Inconceivable! The Plausibility of a Stateless Society Originally published for The Libertarian Christian Institute4 min read
Among Christian libertarians, as with other libertarians, there are differing views concerning the legitimacy, necessity, and inevitability of the state. For some, this is the worn-out debate between a view supporting statelessness (or ‘anarchism’) for a free society, and a view supporting a limited state (or ‘minarchism’) for a free society. Can libertarians, both anarchists and minarchists, cooperate in pursuit of a free society? I think they can. Nevertheless, there is genuine disagreement between these two views, and each view is worth considering.
In a series of articles, I’ll address several common objections I’ve found to be made from a minarchist view against anarchism. The first concerns law and order and the question of the state’s legitimacy. The second concerns human sinfulness and the question of the state’s necessity. The third concerns dominance hierarchy and the question of the state’s inevitability. The fourth concerns our (in)ability to imagine a free and stateless society, and also the question of the plausibility of statelessness.

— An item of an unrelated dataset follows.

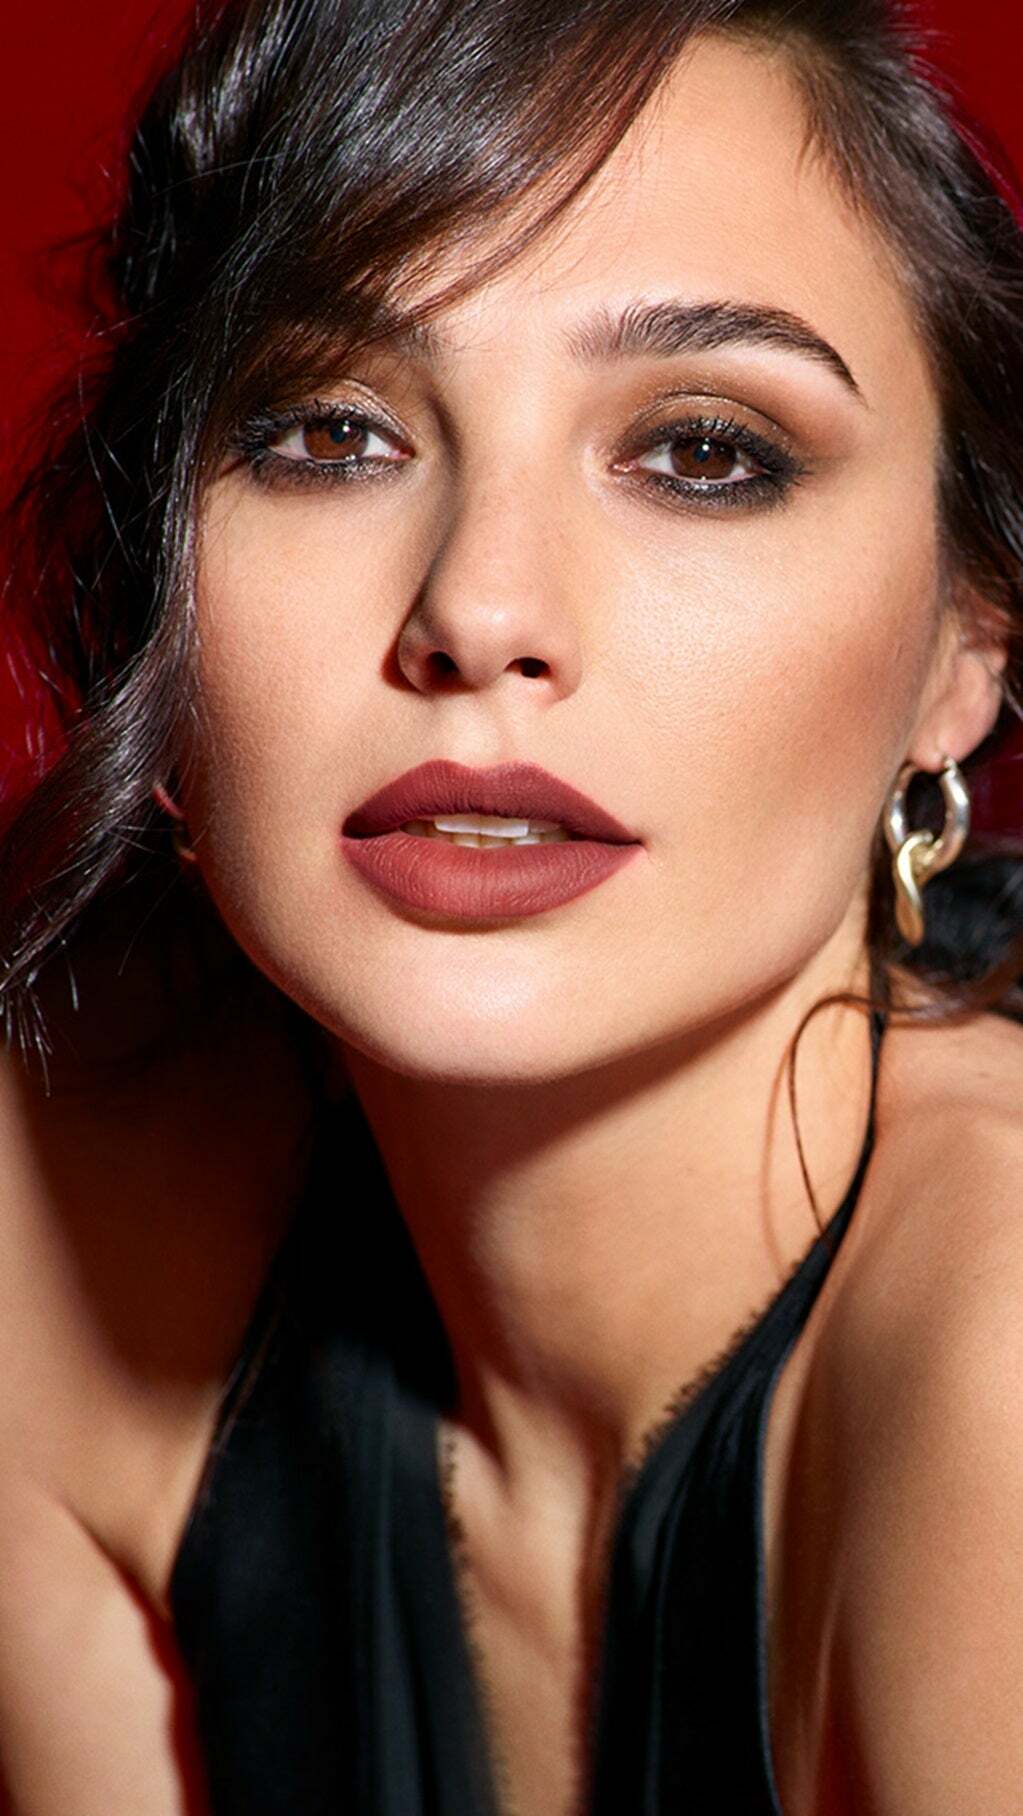 I want Gal Gadot to wrap her tight pussy around my hard cock and ride me
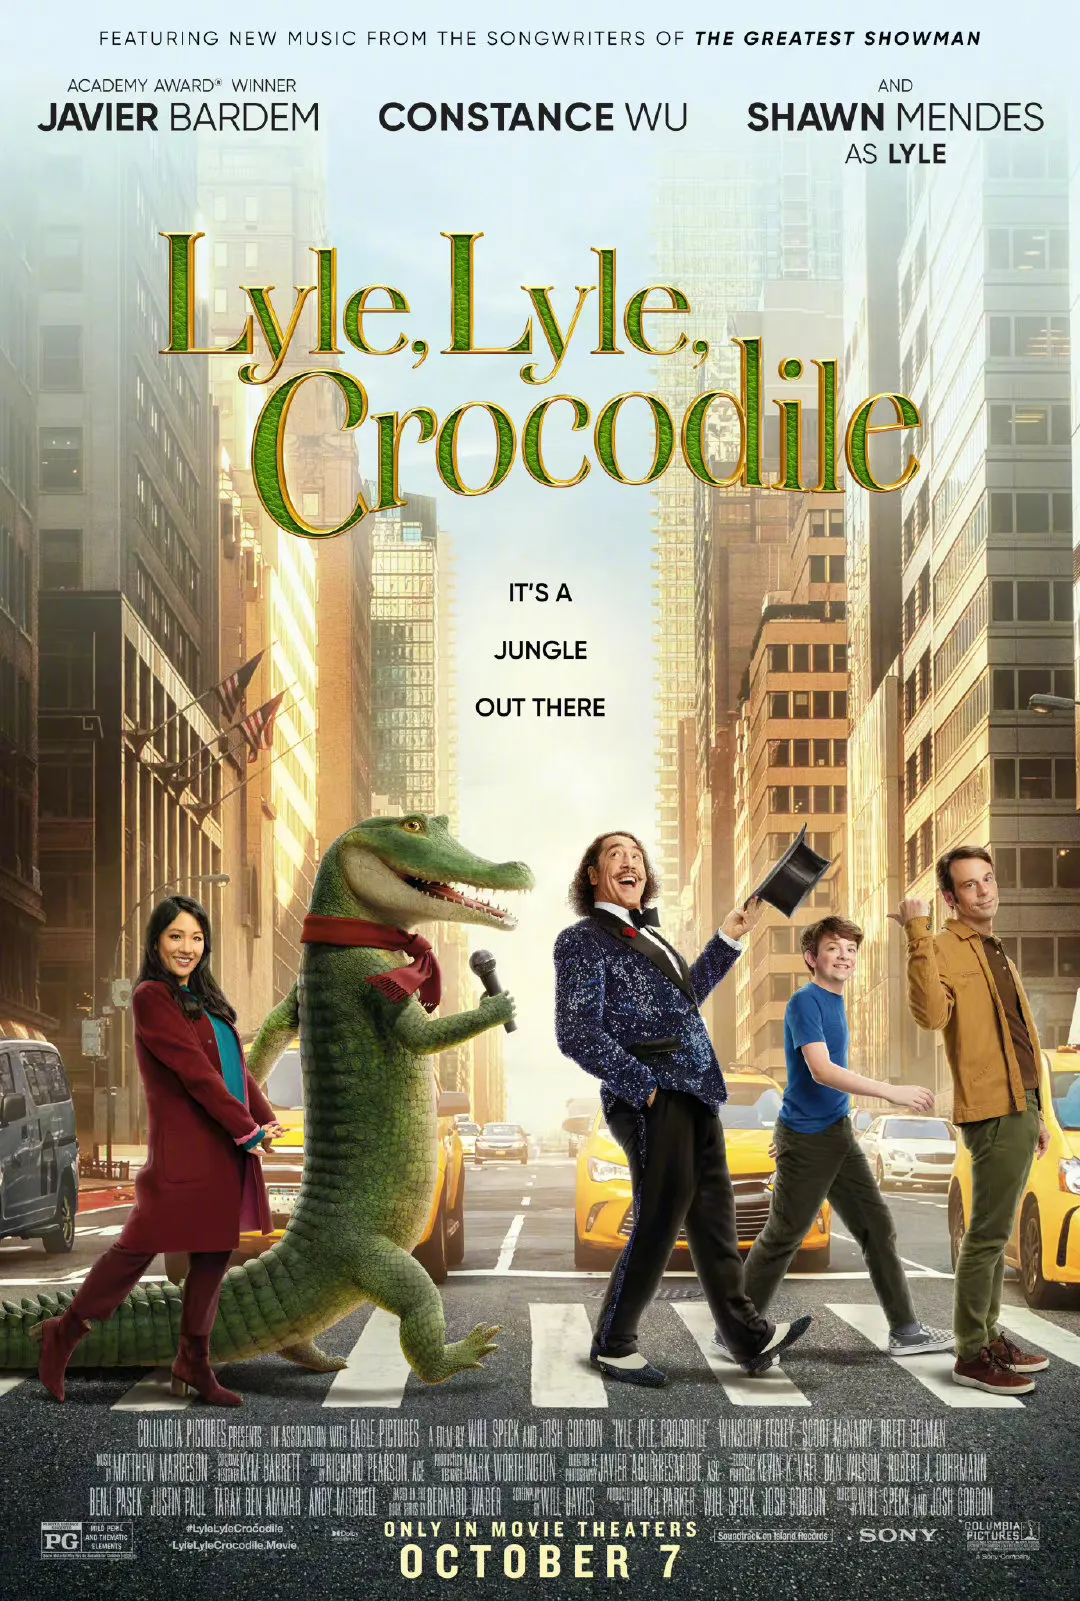 'Lyle, Lyle, Crocodile‎' Releases New Movie Posters | FMV6

In the first three articles of this series, I addressed common minarchist objections to anarchism concerning the state’s supposed legitimacy, necessity, and inevitability. The fourth objection concerns our inability or difficulty in imagining civil governance in a stateless free society and the question of its plausibility.
Similar to the objection concerning the state’s supposed inevitability (which depends on faulty assumptions more than an argument), this objection concerning the supposed implausibility of stateless civil governance is less of an argument than it is a failure of imagination.
Of course, difficulty in conceiving how civil governance without a state could work is quite understandable. It’s well established that we often have a bias toward that which is more familiar. And most of us have become aware of the range of ideas that delimits what is “thinkable” and publicly discussible in politics.